VASEKTOMI: PILIHAN, BUKAN UKURAN KEMENANGAN PRIA
Seorang pria tidak diukur dari apakah ia memilih vasektomi atau tidak. Keberhasilan seorang suami bukan terletak pada alat kontrasepsi yang ia gunakan, melainkan pada bagaimana ia mengendalikan diri, memahami tanggung jawab, dan menjaga keharmonisan keluarga.
Kehamilan yang tidak direncanakan sering dikaitkan dengan kurangnya pengendalian hawa nafsu, tetapi sesungguhnya, keputusan untuk merencanakan keluarga adalah cerminan kedewasaan, komunikasi, dan cinta dalam pernikahan.
Saya, sebagai suami dengan dua putra berusia 16 dan 11 tahun, memilih untuk tidak menggunakan vasektomi. Bukan karena saya menentangnya, tetapi karena kami menemukan cara lain yang sesuai dengan keyakinan dan nilai-nilai kami sebagai umat Katolik, yakni kontrasepsi berbasis alami (KBA). Namun, saya menghormati setiap pria yang memilih vasektomi sebagai bentuk tanggung jawab terhadap keluarga dan pasangannya.

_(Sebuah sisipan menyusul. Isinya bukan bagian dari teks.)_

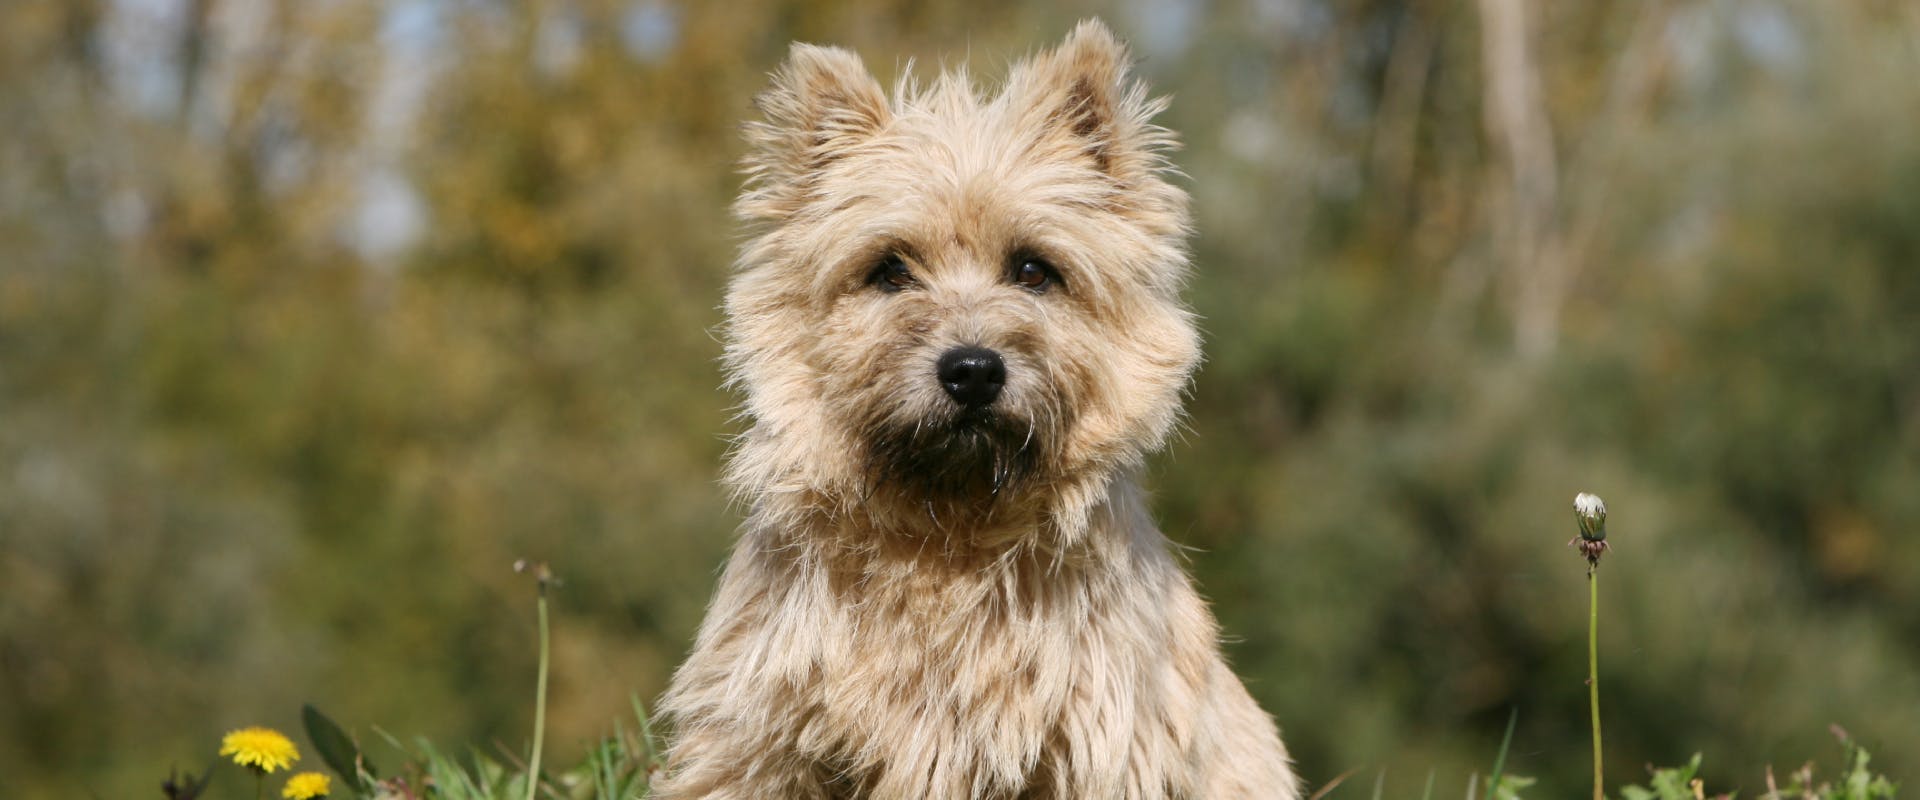 A Cairn Terrier.

Vasektomi adalah metode kontrasepsi pria dengan tingkat keberhasilan mendekati 99,9% dalam mencegah kehamilan (World Health Organization, 2018). Prosedur ini melibatkan pemotongan atau penyegelan saluran vas deferens, sehingga sperma tidak bercampur dengan air mani yang dikeluarkan saat ejakulasi (Mayo Clinic, 2023).
Secara biologis, vasektomi tidak memengaruhi produksi hormon testosteron, gairah seksual, atau kenikmatan seksual (American Urological Association, 2020).

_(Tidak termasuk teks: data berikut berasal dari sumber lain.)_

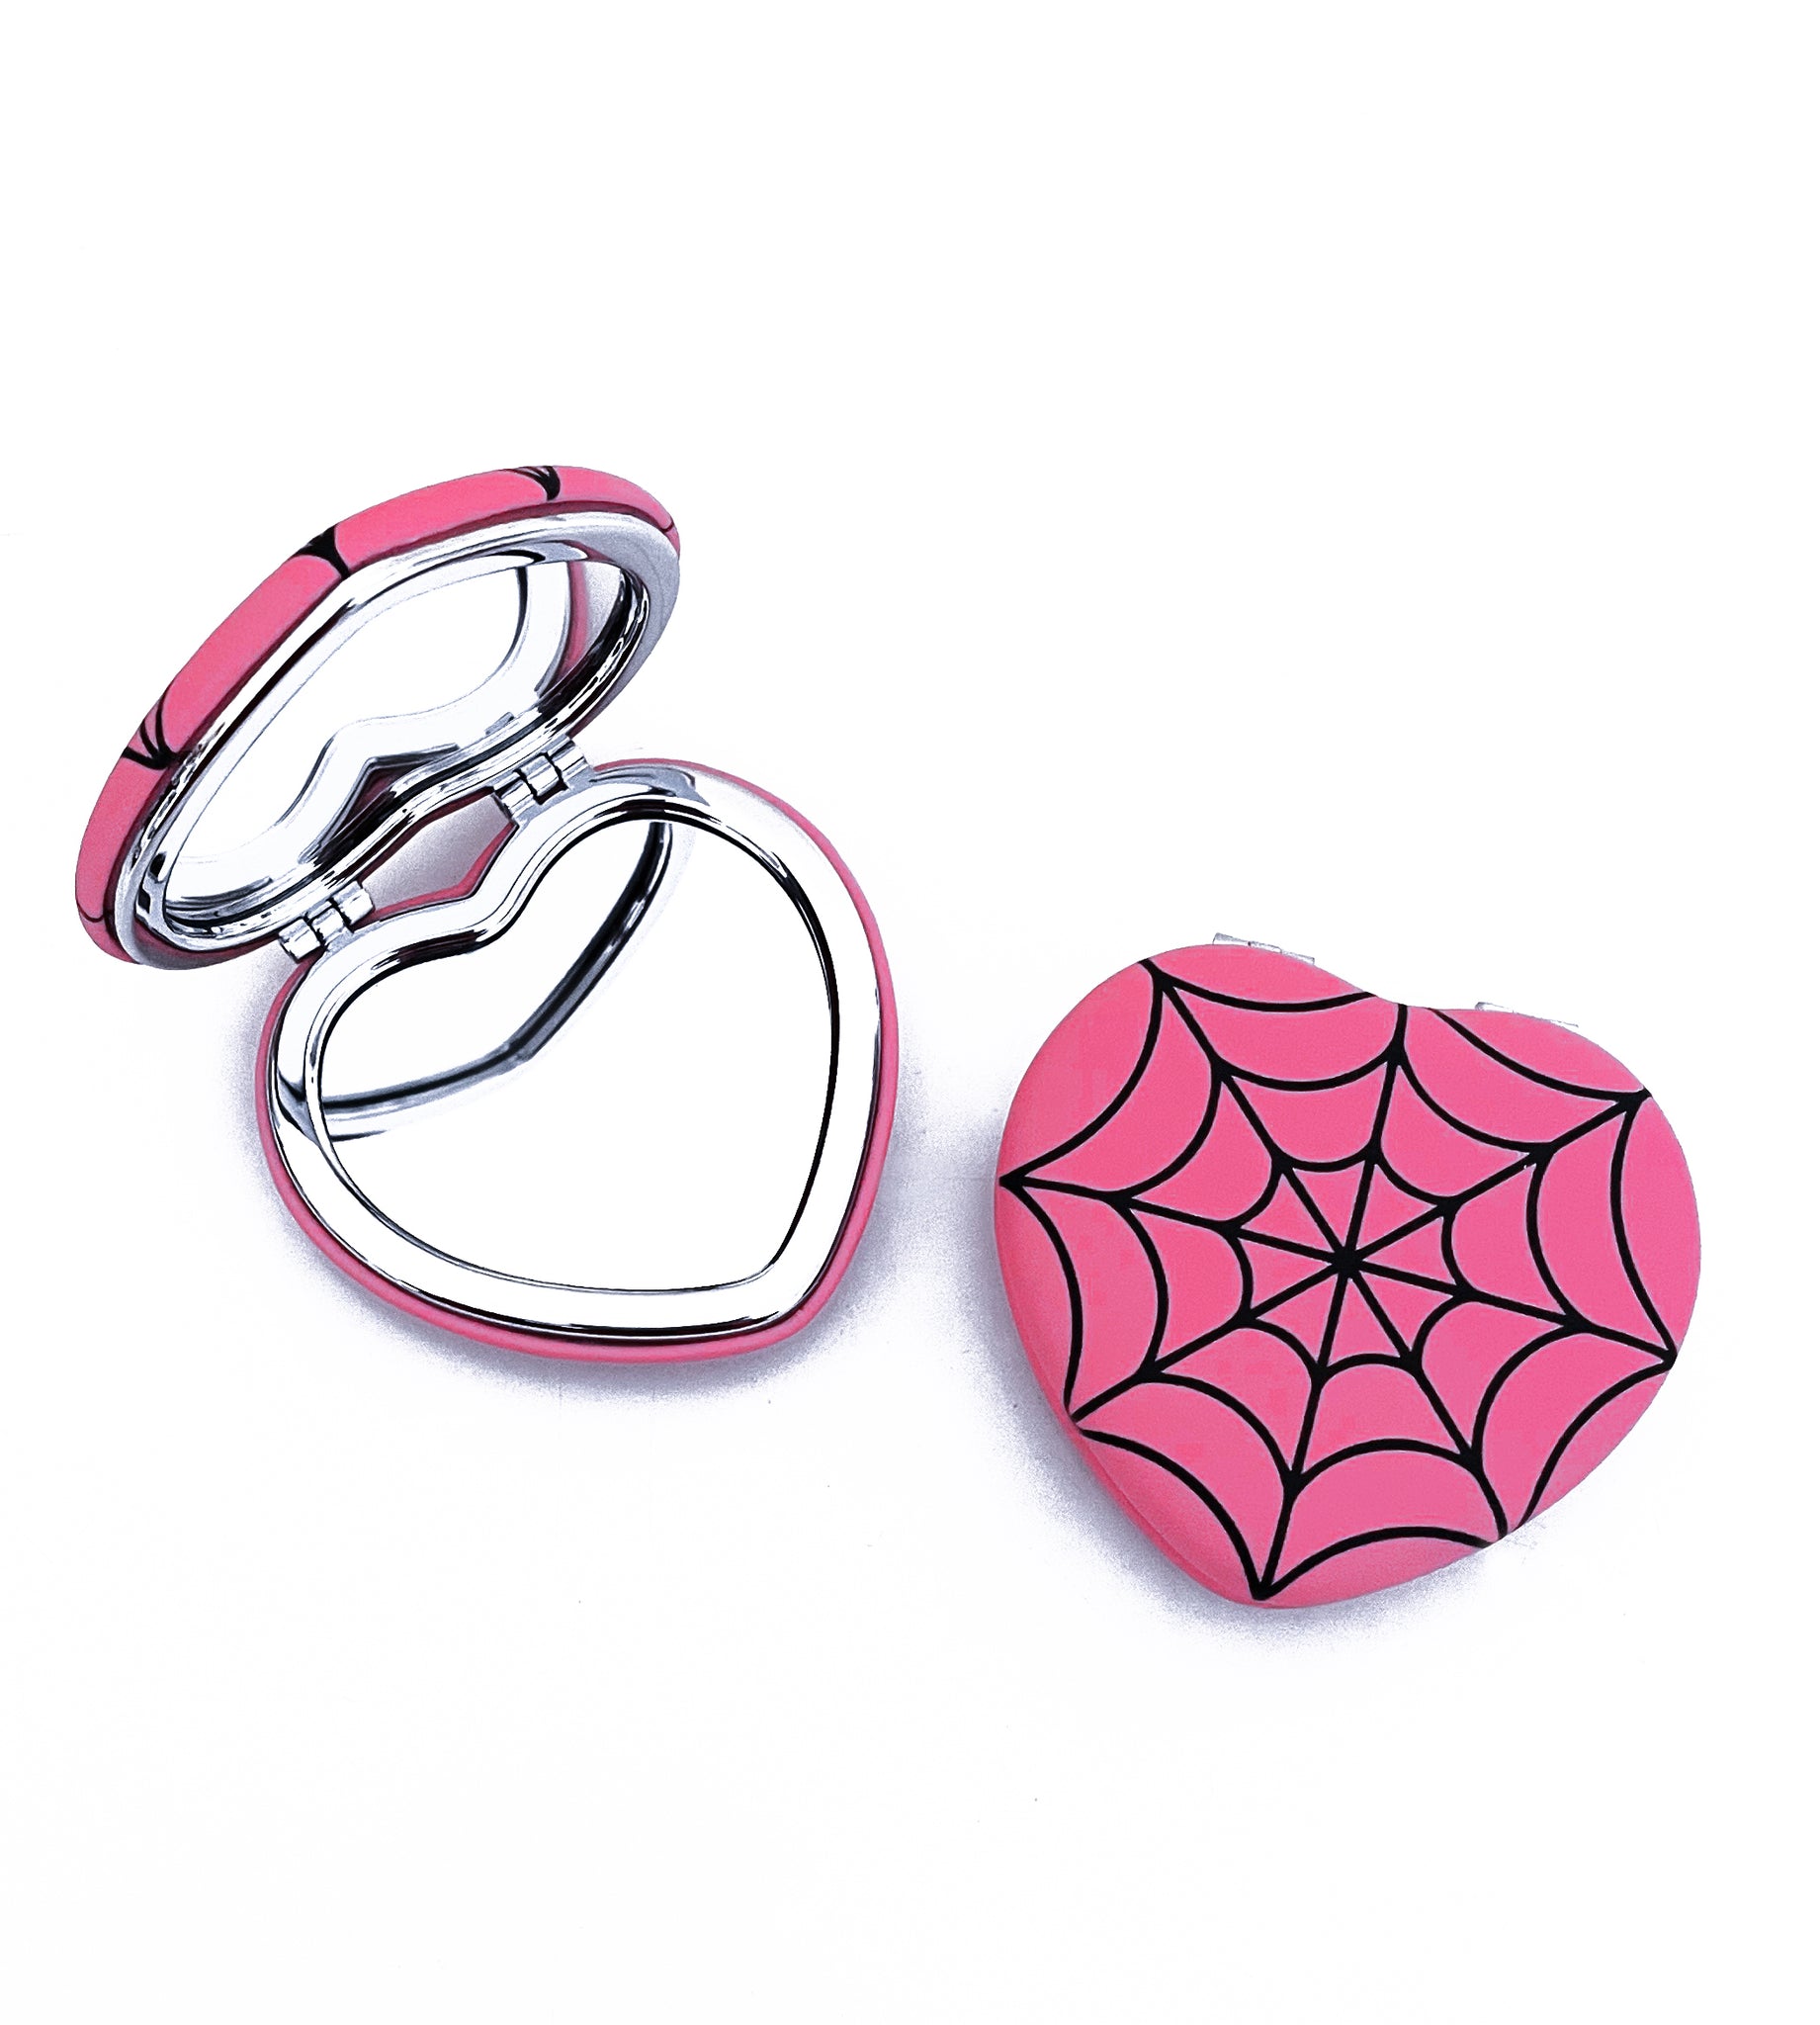 Pink Spiderweb Heart Pocket Mirror

Dari sisi psikologis, keputusan untuk vasektomi sering mencerminkan kesiapan pria untuk mengambil tanggung jawab perencanaan keluarga, bahkan rela menanggung risiko prosedur demi mengurangi beban pasangan (Sharma et al., 2013).
Secara Sosiologis, vasektomi dapat dipandang sebagai langkah menuju kesetaraan gender dalam kesehatan reproduksi, di mana suami dan istri berbagi tanggung jawab, bukan hanya istri yang menanggung efek kontrasepsi hormonal atau prosedur seperti tubektomi (Gutmann, 2007).

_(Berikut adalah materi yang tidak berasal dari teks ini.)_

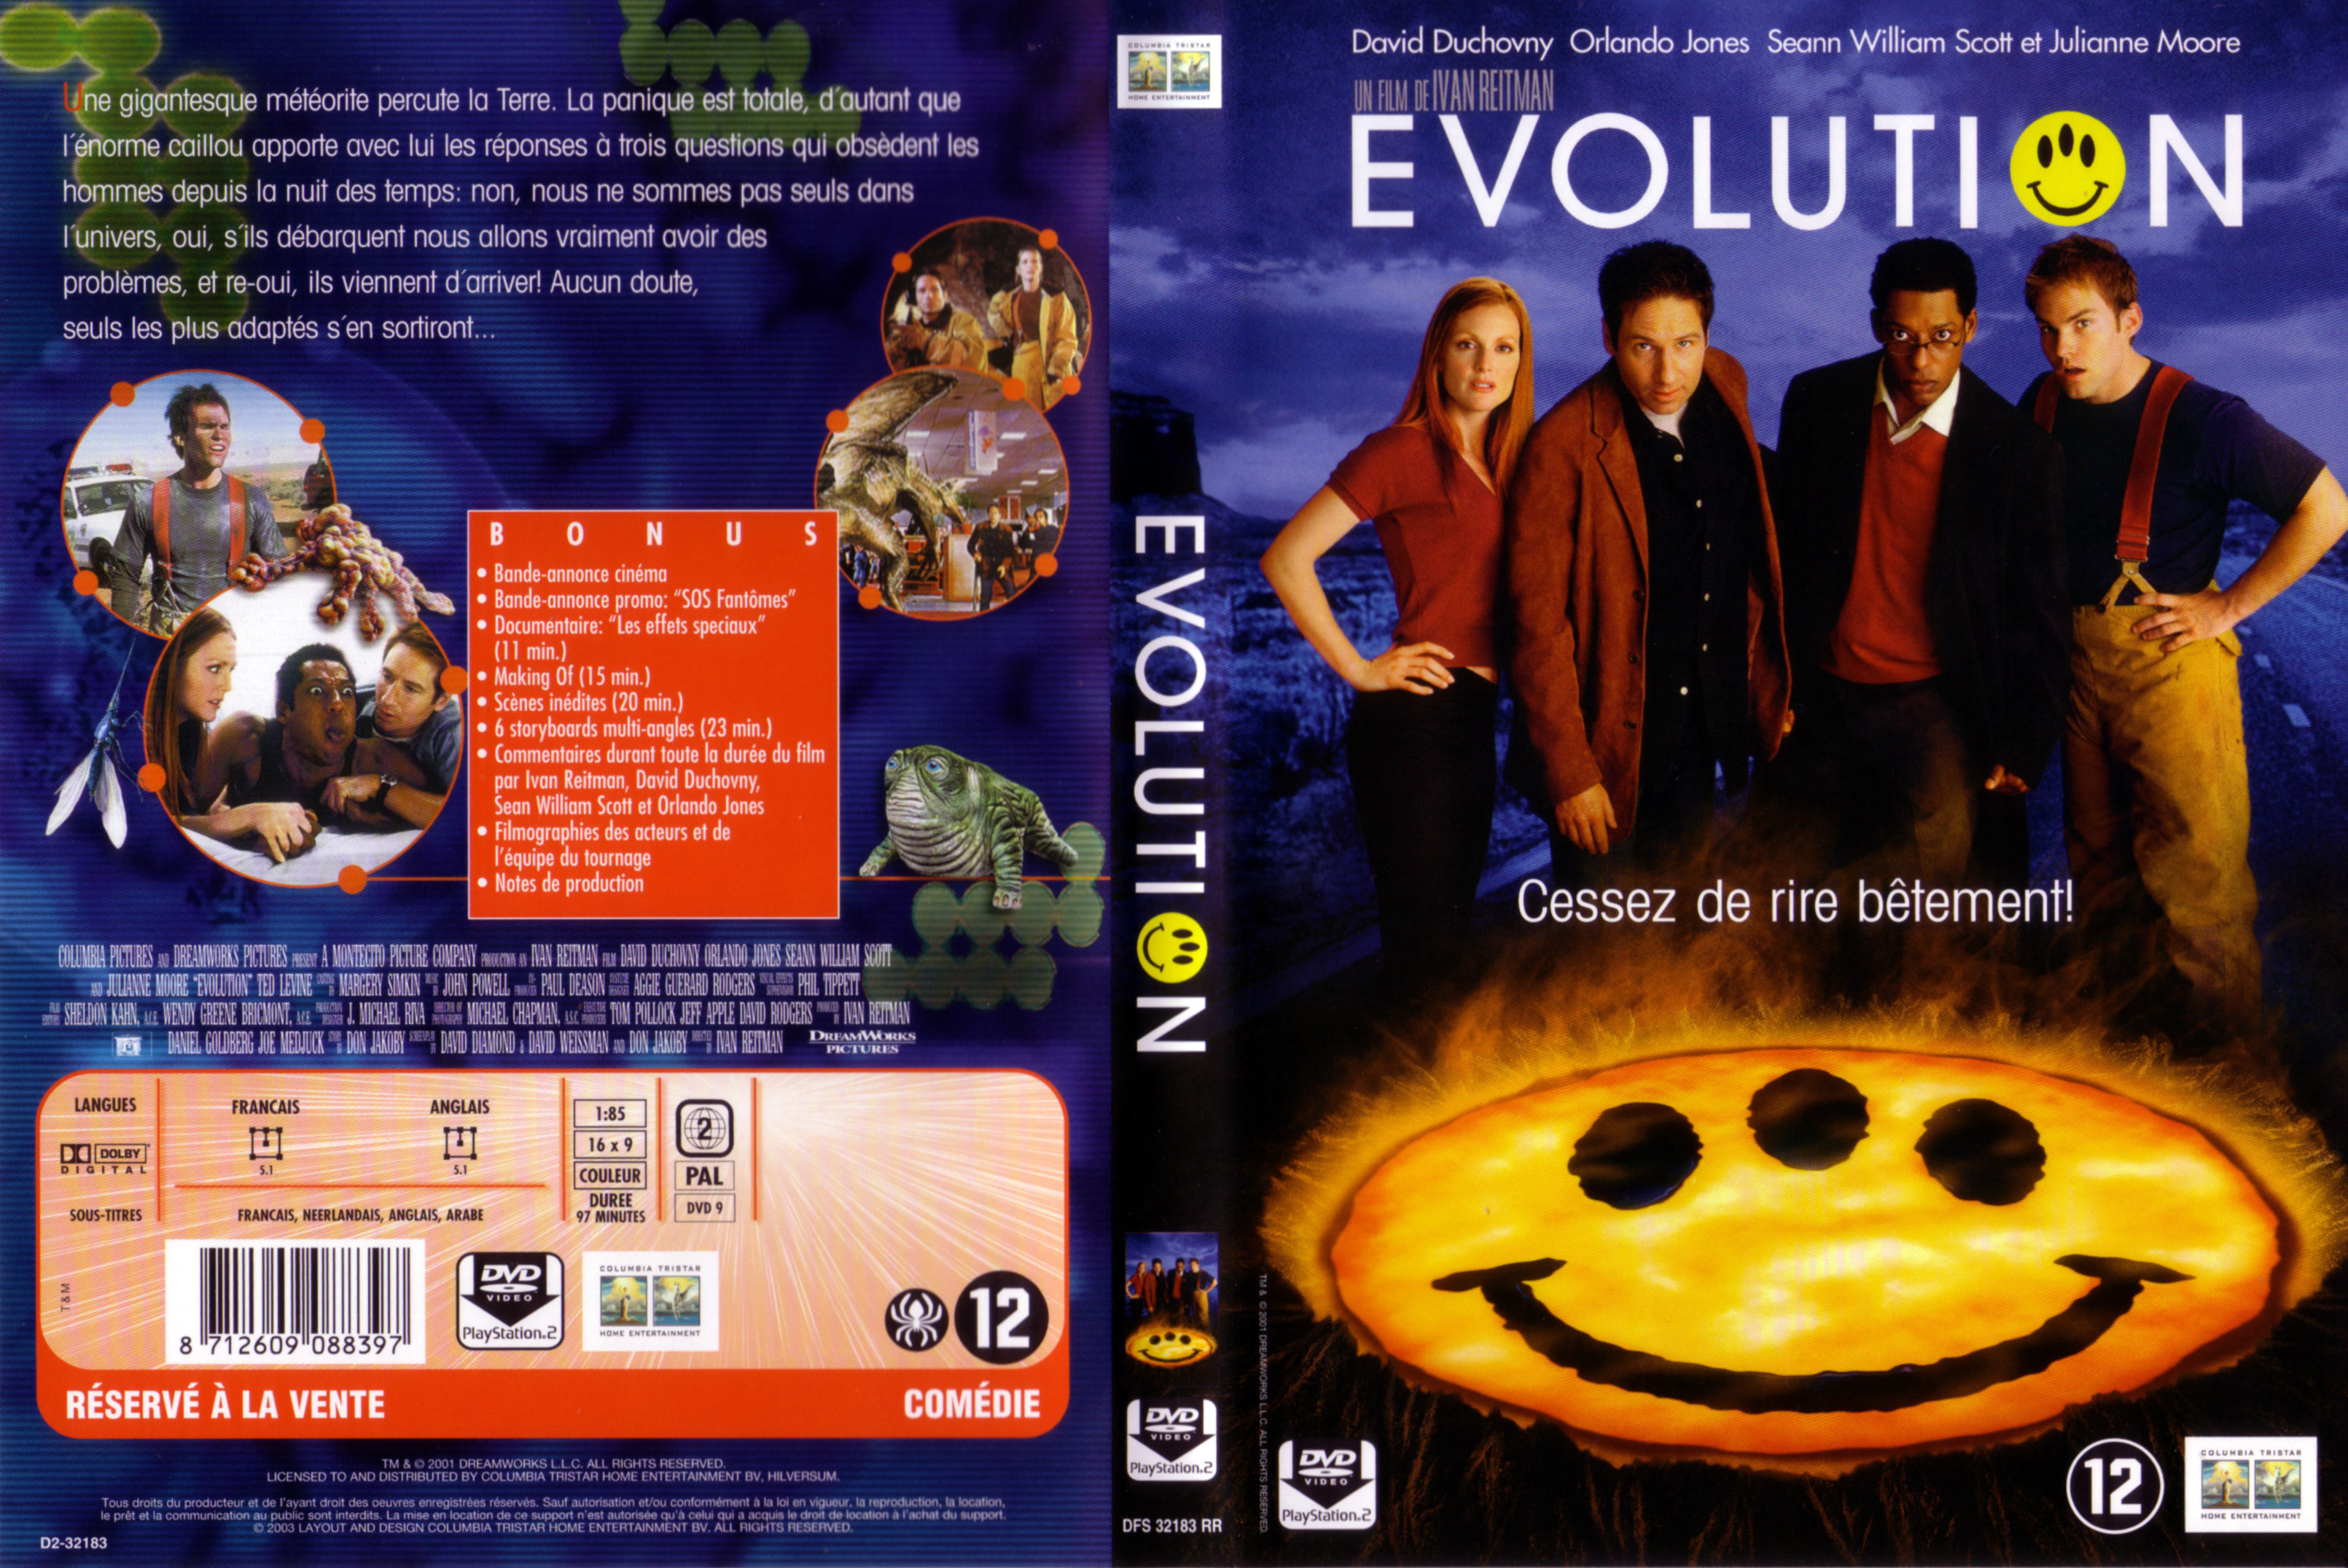 Jaquette DVD Evolution v3

Meski begitu, mengapa vasektomi masih jarang dilirik oleh pria di Indonesia? Pertama, kurangnya edukasi menjadi faktor utama. Banyak pria masih salah paham, mengira vasektomi sama dengan kebiri atau akan mengurangi kejantanan (BKKBN, 2019).
Kedua, faktor budaya dan stigma sosial turut berperan. Dalam budaya patriarkis, kontrasepsi sering dianggap "urusan perempuan", dan pria enggan mengambil langkah permanen yang dianggap mengubah "kodrat" mereka (Roudi-Fahimi, 2004).